Regarding T: he has a tremendous amount of patience too.  As with all of us, he has his impatient moments!  But I think about what it must be like to want to communicate something, or need something - and not be able to say it - how incredibly frustrating that must be.  It also must feel odd to have people talk about you right in front of you; making decisions for you, discussing what you can't do, or every minor infraction that occurred at school, etc.  How much patience must he have - to live in a world not built for him?  

So we are patient with each other - as best as we can be.

Friday, April 11, 2014

Autism Understanding and Acceptance 2014 Day 13: My visit (if religious talk offends you, skip this one)

I debated long and hard about whether to post this one or not.  I am not one who easily talks openly about matters of faith.  It is a deeply personal subject for me and I get very uncomfortable sharing something that I feel is private.  I have been a member of the Christian faith for my entire life and attend church weekly.  It is a vital part of my life, whether I speak of it or not.  But sharing openly about my faith: that's a tough one.

That being said, if am I continue with the theme of what has been helpful, this moment was a pivotal one.

I mentioned in my previous post that I had a profound moment when I was near a nervous break during those early years.  I haven't shared this too often because it was a deeply personal moment, and it happened immediately after a moment I'm not terribly proud of.  But that's what makes it so profound, and I'm not making this up.

At this point in time, I was frantic to get T to check off more items on those developmental milestones lists.  We had five therapy appointments a week with three different therapists coming to our home, all working with him to make progress where he was delayed.  I was determined that if I worked with him hard enough during the off hours, put in the time and did it right, I could make the delays go away and everything would be fine.  For crying out loud, I was a full time stay at home mom at that point - if anyone could do it, I could.  But T was not on the same page.  I will never, ever forget the endless hours at our kitchen table, just T & me, trying to engage him, get him to do anything.  Nothing.  He'd just stare blankly off into the distance.  When I'd try to help him hold a crayon or do anything with his hands, they just went limp.  I couldn't reach him.  So there I was, frantic, and there he was, just placidly sitting at the table, NOT reachable.

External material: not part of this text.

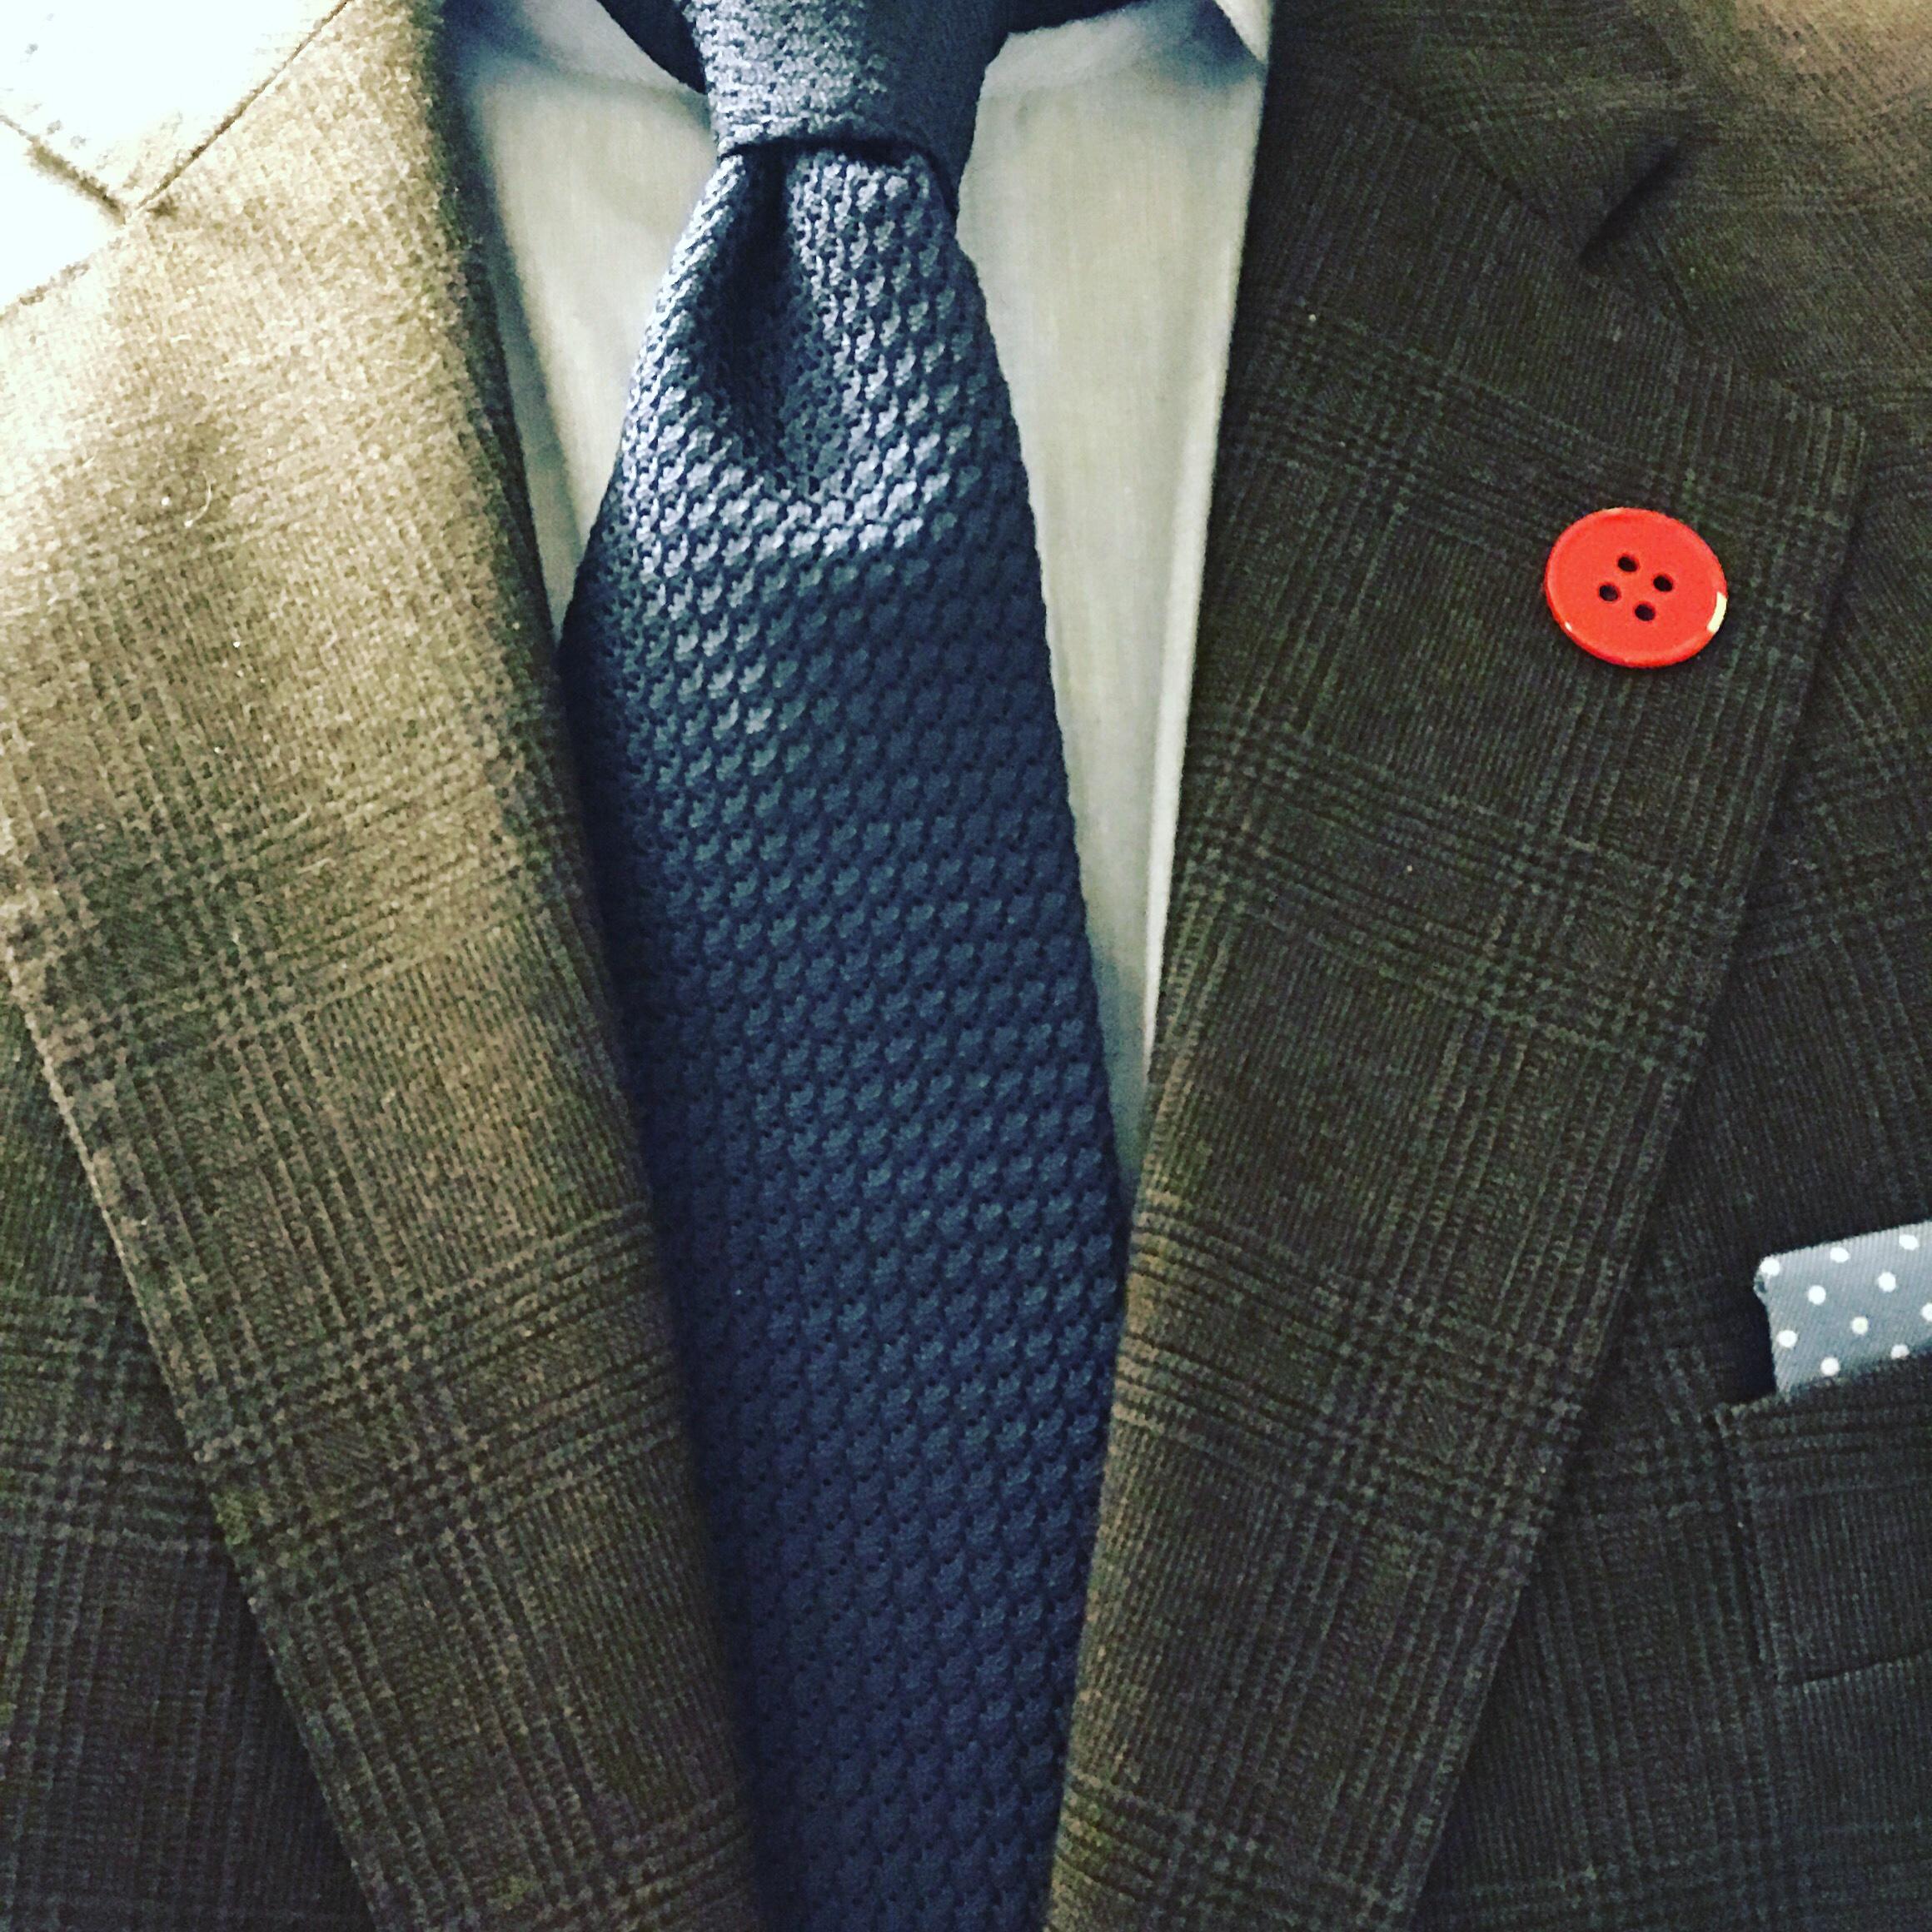 7a03097d Blått grenadine-slips fra Charles Tyrwhitt går veldig fint med min brune  rutete dress fra Viero Milano.

After weeks and months of this, I hit the boiling point.  I stood up, slammed my chair back from the kitchen table and in doing so, accidentally hit the spindled chair rail behind us.  I was yelling at the world, frustrated and frightened beyond where I had ever been.  Spindles went everywhere and T was frightened and started to cry.  Then, sitting across the kitchen table from me, was Jesus.

I know, I know - I probably just lost some of you.  Believe me,  I don't fall into the category of Christian that feels they have a deep, personal & intimate relationship with Jesus.  (That's a little too cozy & casual a thought for me personally.)  But I'm telling you: He was there.  The calm, simple and clear message from him was: Suzanne, stop.  And I could sense Him smiling but shaking his head at me.  Sympathetic, present, loving.  And then He was gone.

A bit shaken but much calmer, I put the spindles back (nothing had been broken, luckily).  T calmed down, and so did I.  I apologized to T for frightening him, and moved forward, knowing I was not alone in this journey ahead of us.

Knowing I am not alone in this journey has been vital as we have passed through challenging times.